The average person isn’t very smart. All they see is a magical black box that goes brr.

JaymesRS@literature.cafe · edit-2 10 months ago

My wife is a physician and I’ve talked with her about this with regards to healthcare in general. Most people still think of healthcare like a visiting a wizard for a potion or somatic incantation.

So throw 2 black box-type problems at each other and I have no doubt that a lot of people would be surprised that the results are crap.

TheGoldenGod@lemmy.world · 10 months ago

Pretty much this.

echo64@lemmy.world · 10 months ago

Because you can talk to it and it’s programmed to make you think it knows a lot and is capable of doing so much more.

People expect it to do more because chatgpt was trained to make people expect it to do more.

It’s all lies, of course. Chargpt fails at more than the simplest of tasks and can’t use any new information because the internet is full of ai generated text now, which is poison to training models. But it’s good at pretending.

FinishingDutch@lemmy.world · edit-2 10 months ago

The thing that really annoys me is the people who are most enamoured with Chat GPT also seem to be the ones least capable of judging its accuracy and actual output quality.

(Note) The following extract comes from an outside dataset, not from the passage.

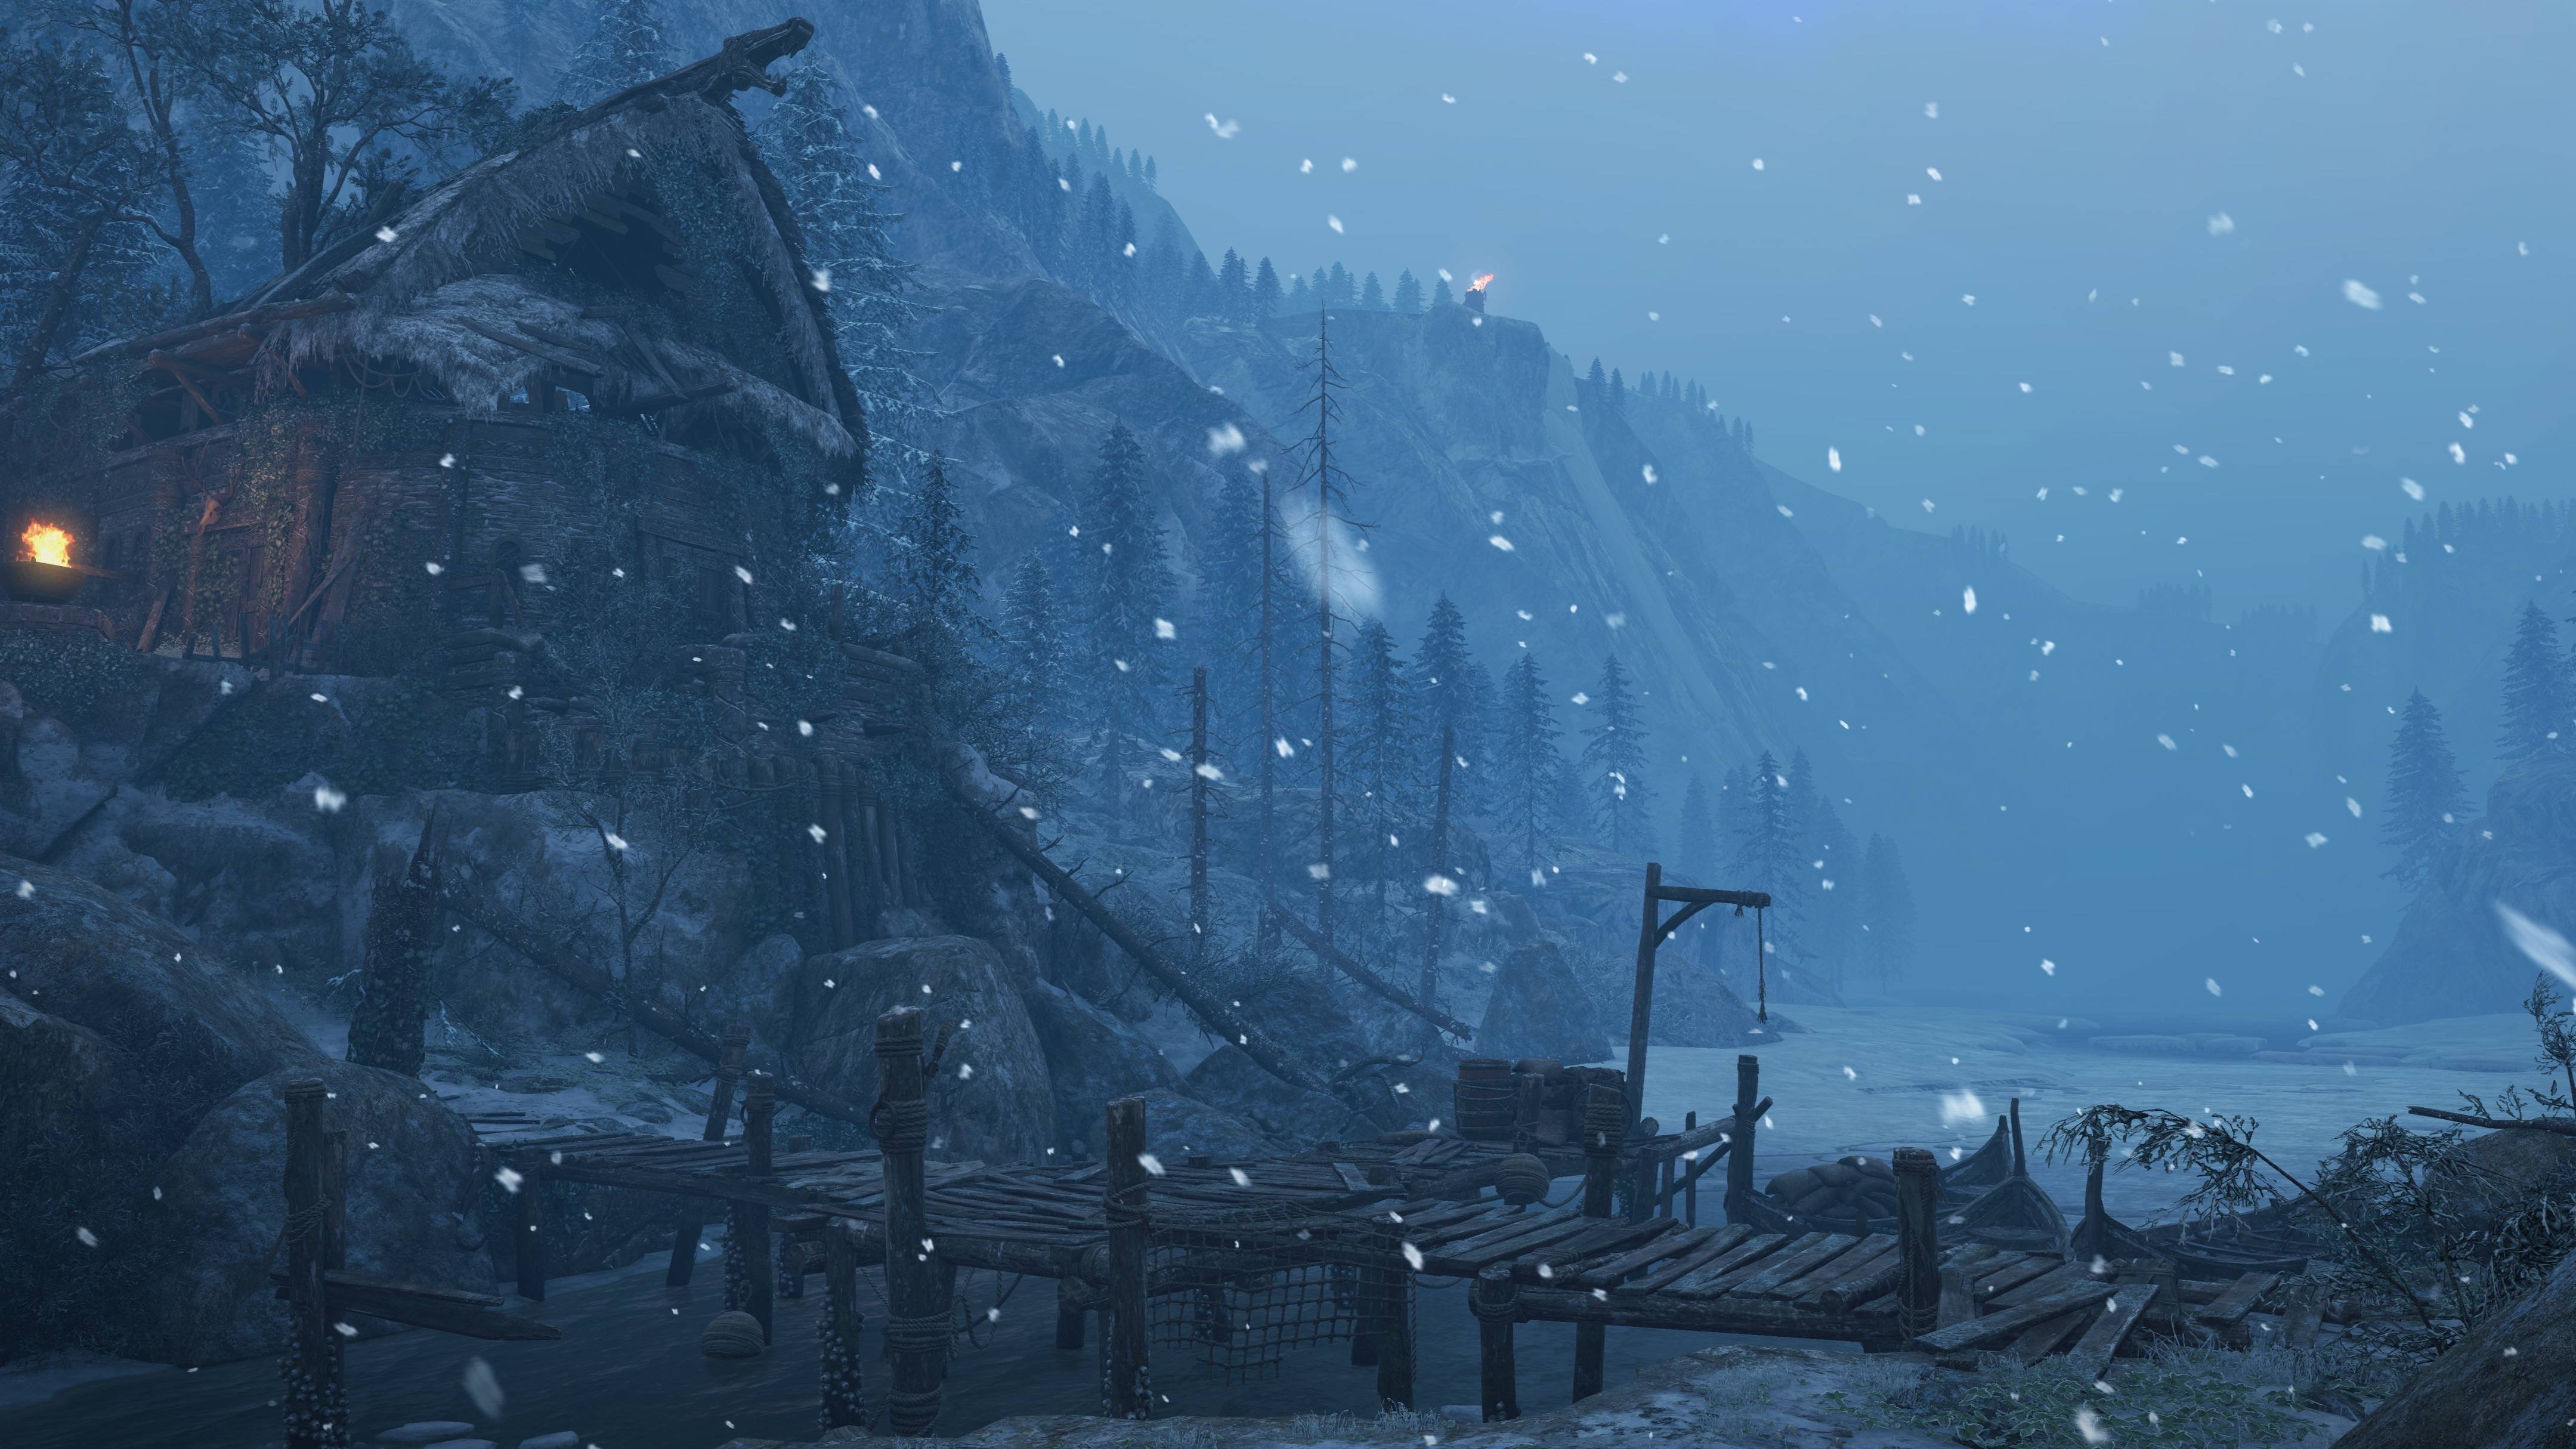 FH Previews Canyon4 Main Screenshot PR 161214 6PM CET 1481728432 2

I write for a living; a newspaper. So naturally, some of the people in our company - sales people - wanted to test it. And they were delighted with the stuff it wrote. Which was terrible to read, factually incorrect, repetitive and just not something we’d put in the paper. But they loved it. Because they weren’t writers and don’t know how to write an engaging article with proper sources.

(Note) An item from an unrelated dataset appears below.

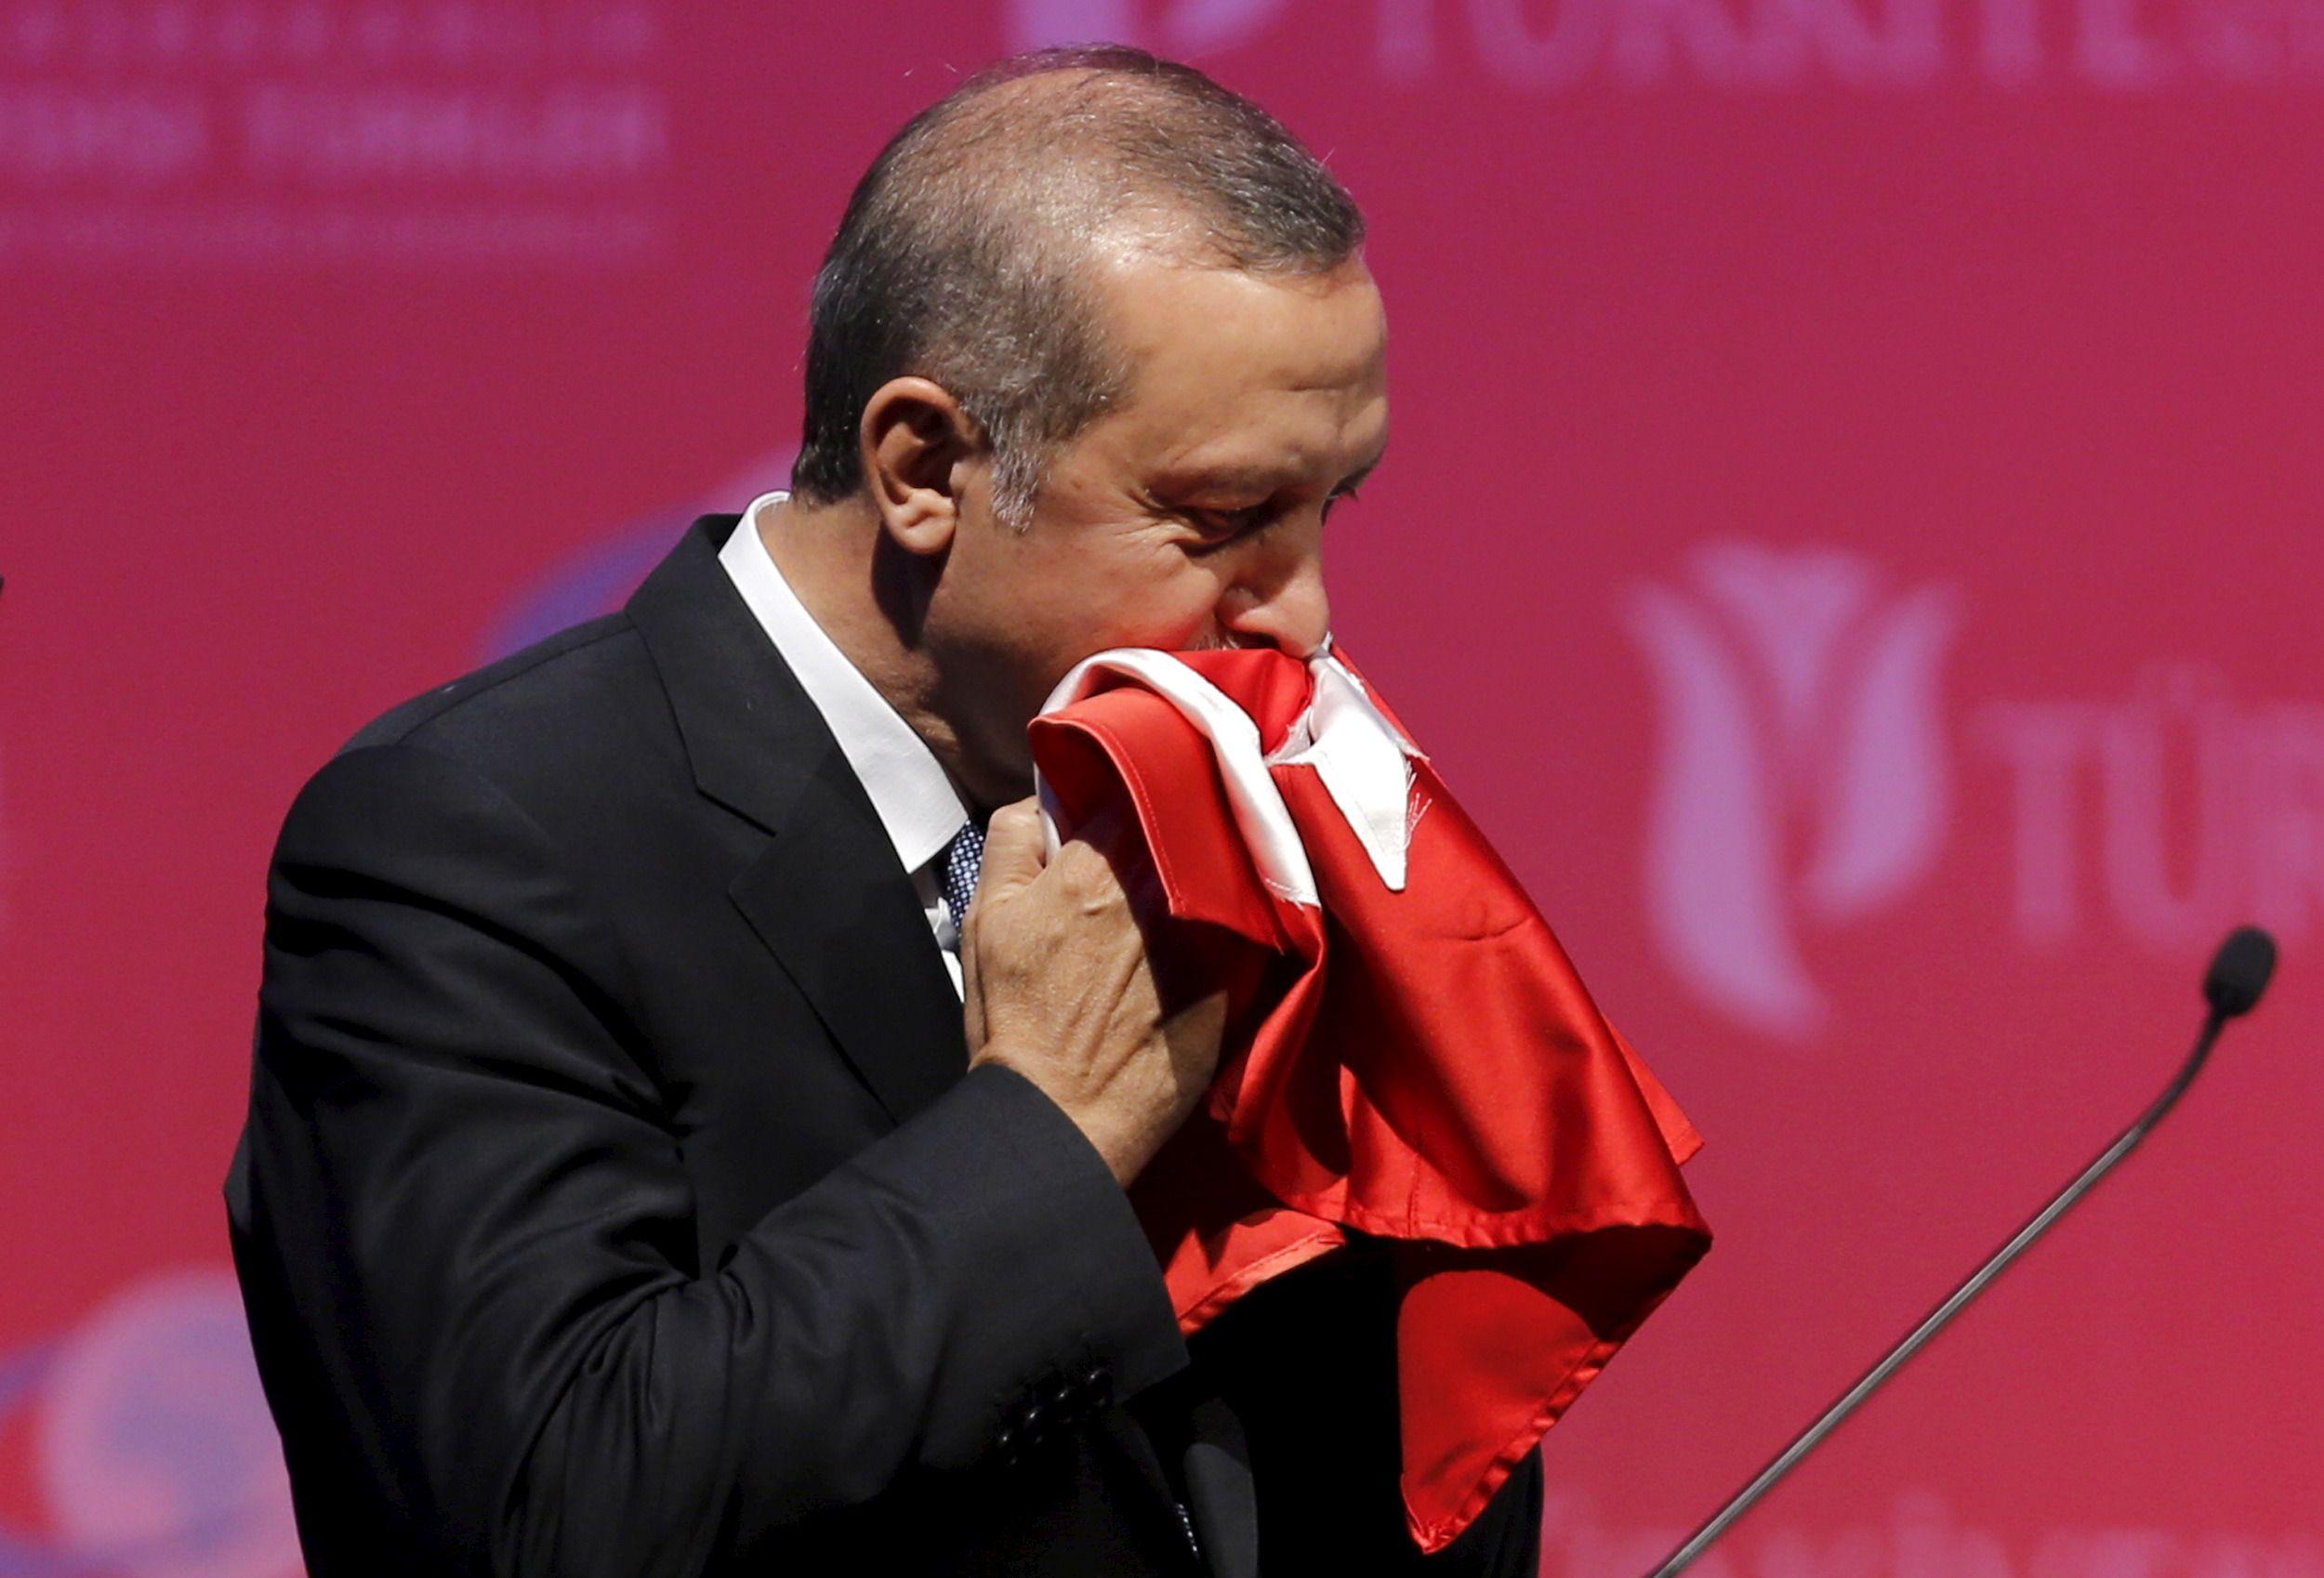 Et au delà de la simple condamnation morale, que peut vraiment faire l'Union européenne pour équilibrer ses relations avec la Turquie de Recep Tayyip Erdogan

I tested it as well. Wanted to form my own opinion and read up on the limitations, how to write good prompts, etc. So I could give it a fair chance.

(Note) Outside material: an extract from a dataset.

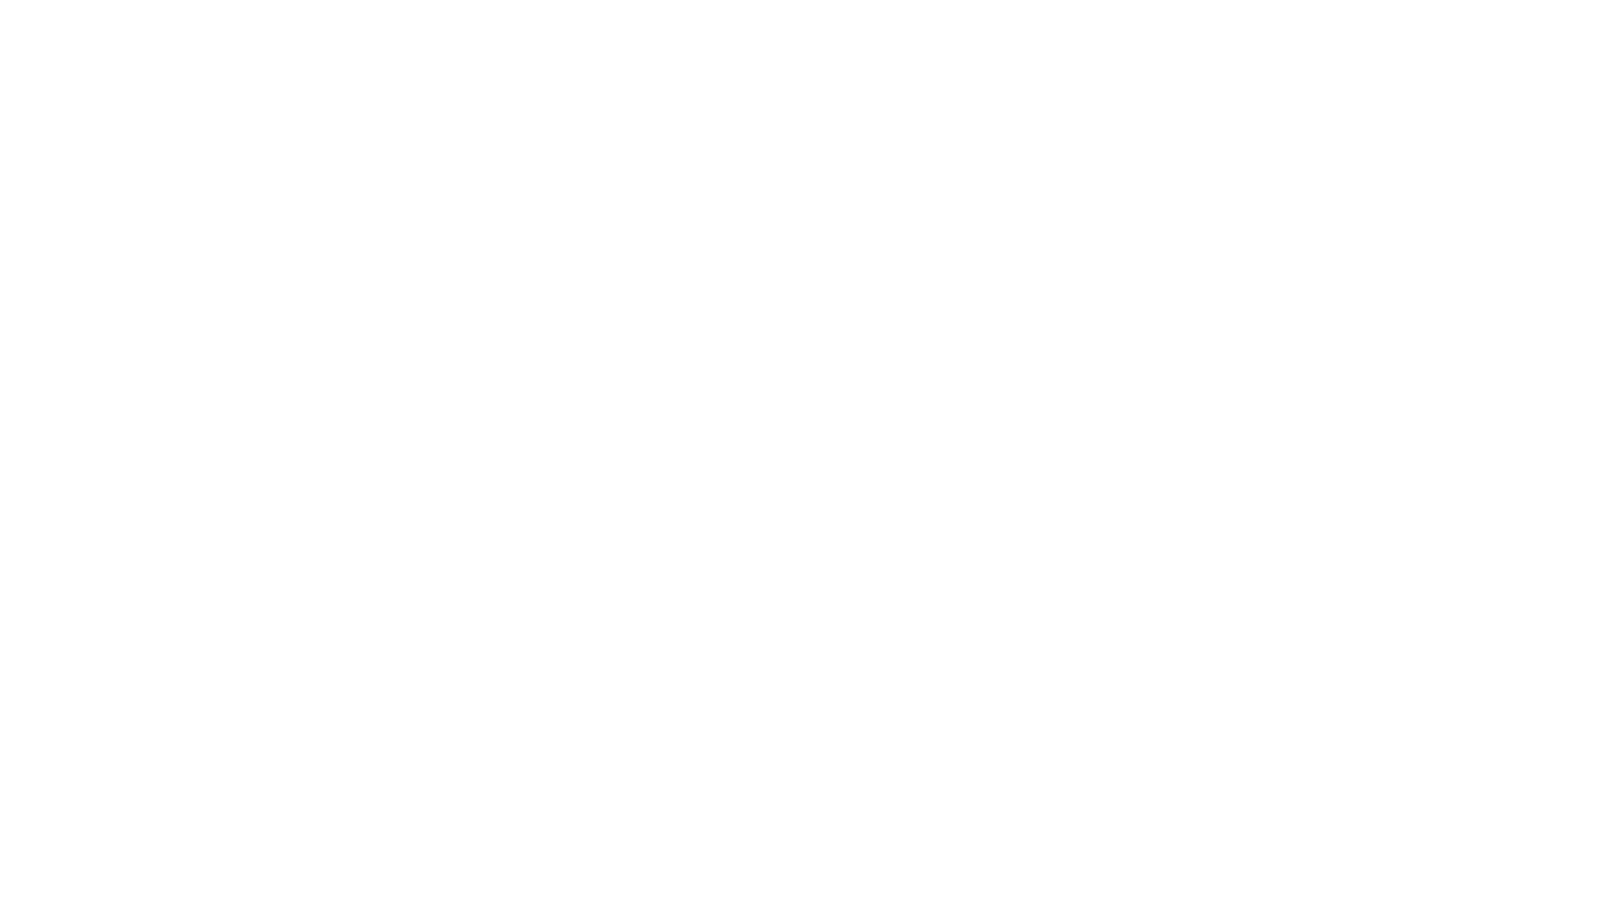 Entrevista com o especialista Emerson Bovo da Ottobock Brasil sobre o Genium X3 e todas as possibilidades que este joelho biônico inteligente oferece aos amputados.  INSCREVA-SE no canal e deixe seus comentários!!   ME ACOMPANHE NAS REDES SOCIAIS: Instagram: @juninhobrito e @ortovancpo   AVISO LEGAL:   As informações contidas nos vídeos não pretendem substituir a consulta ao profissional. Escolha clínicas ortopédicas idôneas com fisioterapeutas e protesistas capacitados.

I had it write a basic 500 word article about things to see in our city, with information about the tourist info office. That’s something a first year intern can do in his second week with us.

Basically, it ended up ‘inventing’ two museums that don’t exist, it listed info for a museum on the other side of the country, it listed an ‘Olympic stadium’ (we never hosted the Olympics) and it gave a completely wrong address for the tourist info, even though it should have it.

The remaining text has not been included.